Because the data bandwidth of the memory is limited, when a row of data of the graph data in the CSCI format exceeds the data bandwidth of the memory, the data needs to be stored into a buffer area for several times until the stored row of data is all temporarily stored, the state of the buffer area is full, and a task scheduling module (task _ sch) is informed that the row of data can be scheduled, after the data scheduling is finished, the state of the buffer area is empty, and meanwhile, the state is sent to a buffer area allocation module (buf _ assign); when the number of a column of data pairs in the graph data exceeds 1024, namely the maximum capacity of the buffer area, the batch processing can be carried out.
buf 0-7 \ u f, buf 0-7 \ u b;
buf 8-11 \ u f, buf 8-11 \ u b;
buf 12-13 \ u f, buf 12-13 \ u b;
512 data pairs including buf14_ f and buf14_ b;
buf15_ f, buf15_ b:1024 data pairs.
Referring to fig. 5, a mixed granularity processing unit (MGP) is composed of an auxiliary circuit module (aux _ cell), a Processing Element Array (PEA).
And the auxiliary circuit module (aux _ cell) is used for sending the active vertex data input by the Result Generation Unit (RGU) to the corresponding graph data in the CSCI format input by the Scheduler (SCD) to the idle processing element corresponding to the processing element array according to the processing element state.
The above-mentioned pair of jump point data can be understood as: the calculation of BFS/SSSP results in a value for each vertex representing the depth or distance of the vertex in the graph, as does the intermediate result, except that the value is updated during subsequent iterations.

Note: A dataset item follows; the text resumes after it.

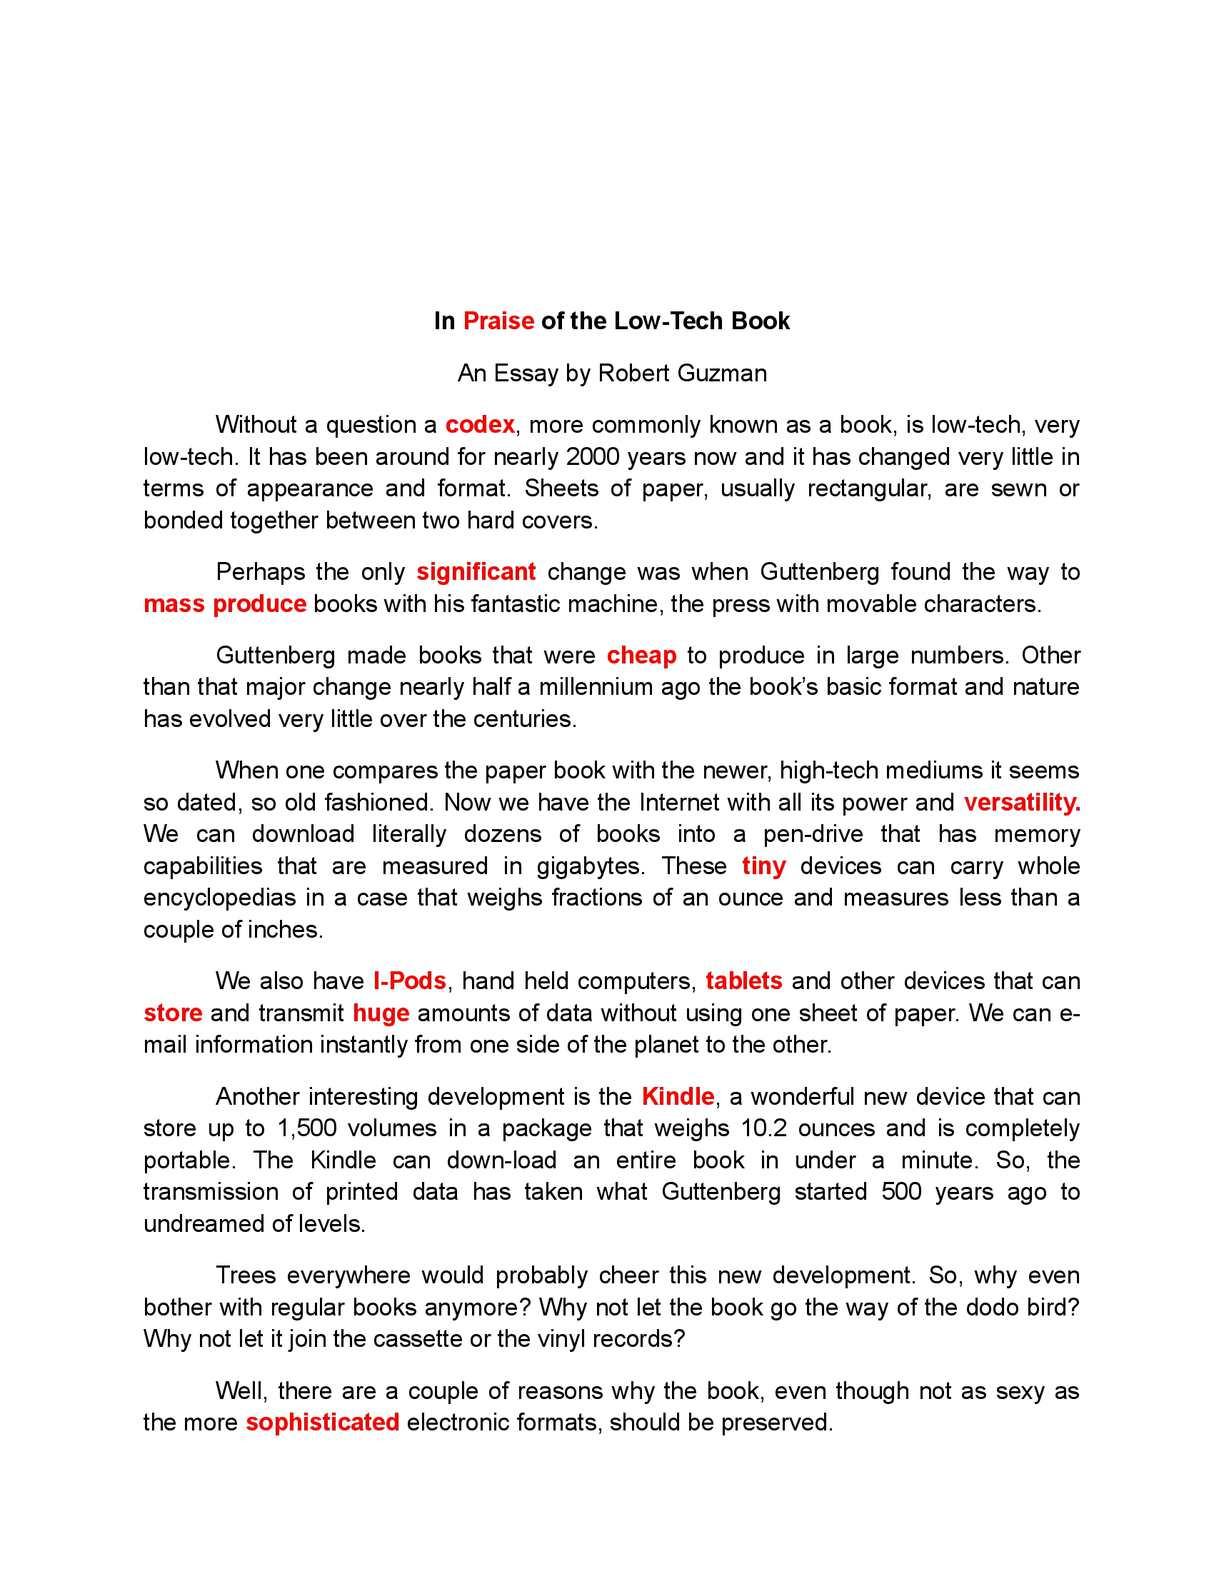 Calaméo - English 3201 Second Batch of Essays 2014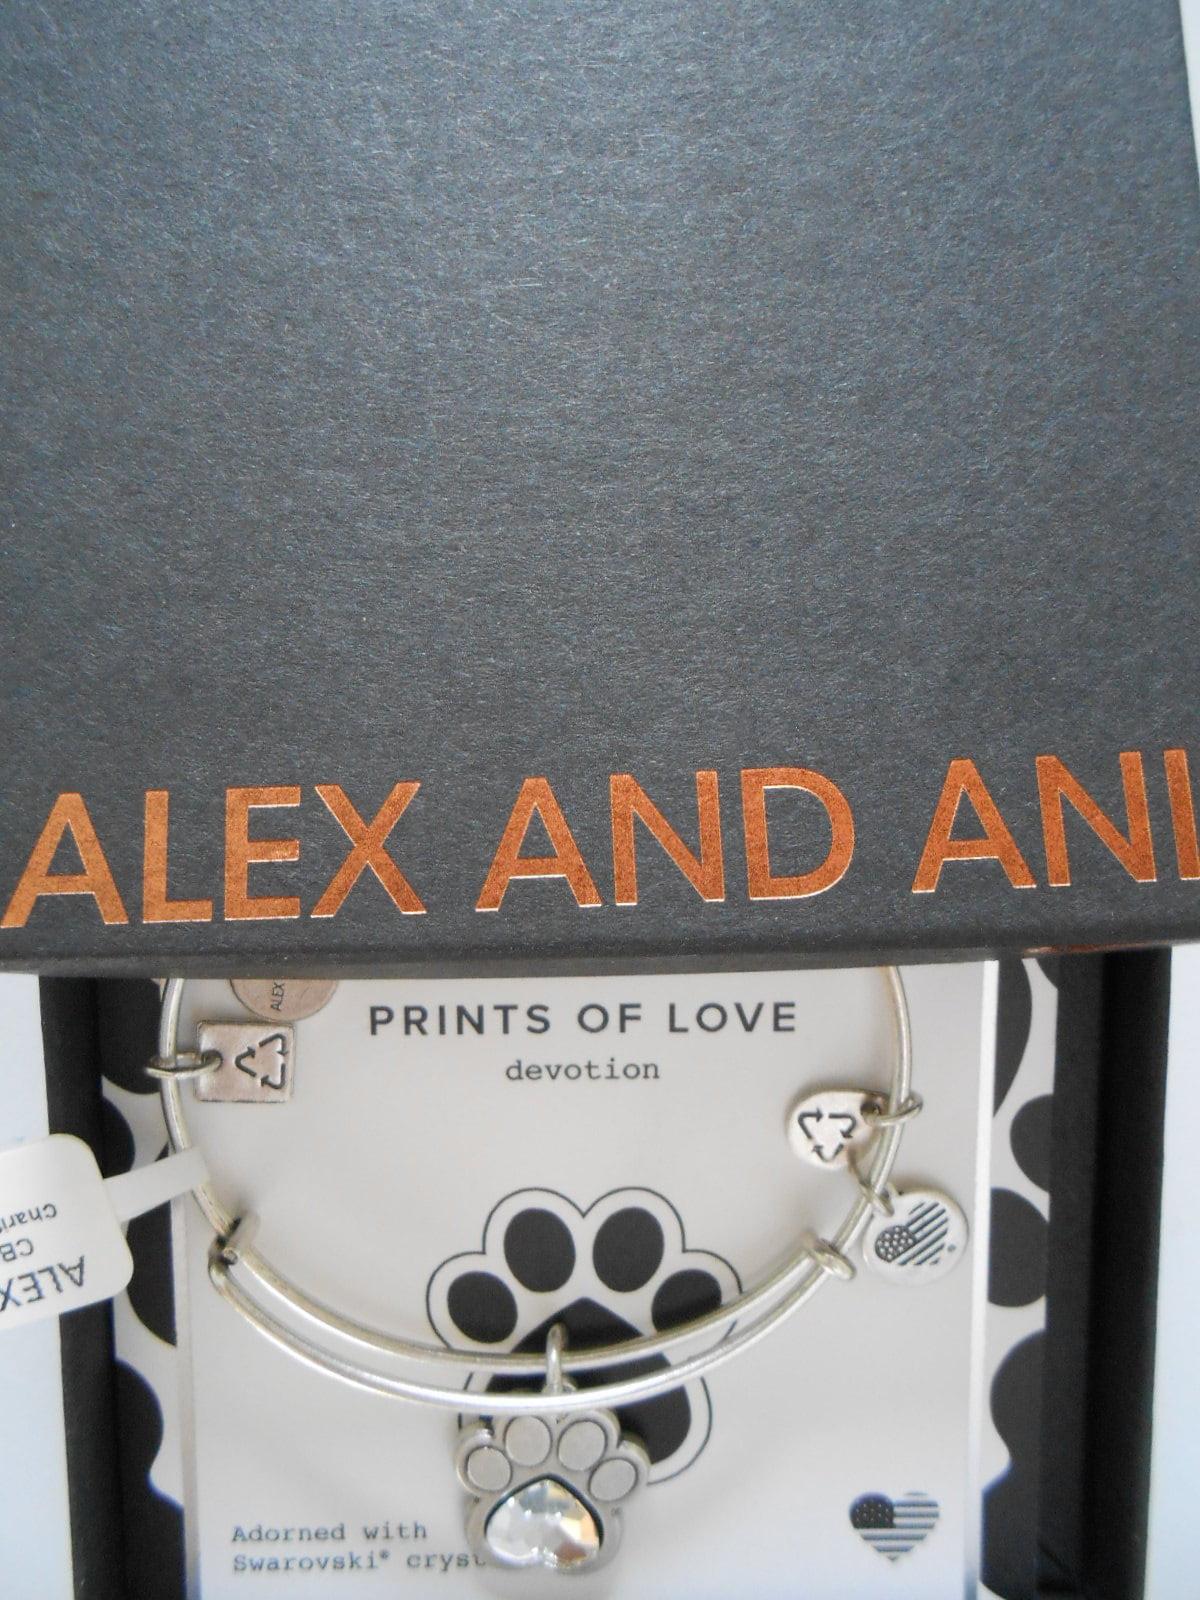 Alex and Ani Charity By Design, Prints of Love EWB Bangle Bracelet

And are therefore referred to as active vertex data pairs.
The Processing Element Array (PEA) is composed of 16 processing elements PE of different capacities, and the 16 processing elements can work in parallel, and the processing elements calculate the capacity as follows (here, the data pairs processed do not contain column identification data pairs).
After receiving the active vertex data pair and the graph data in the CSCI format input by the auxiliary circuit module (aux _ cell), the Processing Element (PE) calculates the active vertex data pair and the graph data in the CSCI format (namely the input active vertex data pair and the graph data in the CSCI format) according to the application type sent by the control circuit CTR.
When the application type is Breadth First Search (BFS), the Processing Element (PE) adds 1 to the value of the active vertex data pair to the value of each data pair of the CSCI graph data;
when the application type is Single Source Shortest Path (SSSP), adding the value of the active vertex data pair to the value of each data pair of the CSCI graph data by a Processing Element (PE) for updating the value of each data pair of the graph data in the CSCI format;
the result of the calculation, which contains the same maximum number of pairs as the number of pairs that can be processed simultaneously per Processing Element (PE), is output to a Result Generation Unit (RGU).
PE 0-7, 64 data pairs can be processed simultaneously;
PE 8-11, which can process 128 data pairs at the same time;
PE 12-13, which can process 256 data pairs at the same time;
PE14, can process 512 data pairs at the same time;
and PE15, can process 1024 data pairs simultaneously.
Referring to fig. 6, the Result Generation Unit (RGU) is composed of an operation module (OPC), a Comparator (CMP), and an on-chip result register (cur _ rlt).
Referring to fig. 7 and 6, an operation module (OPC) is composed of an 8-way 4-stage pipeline tree composed of 15 operation units (op _ cells).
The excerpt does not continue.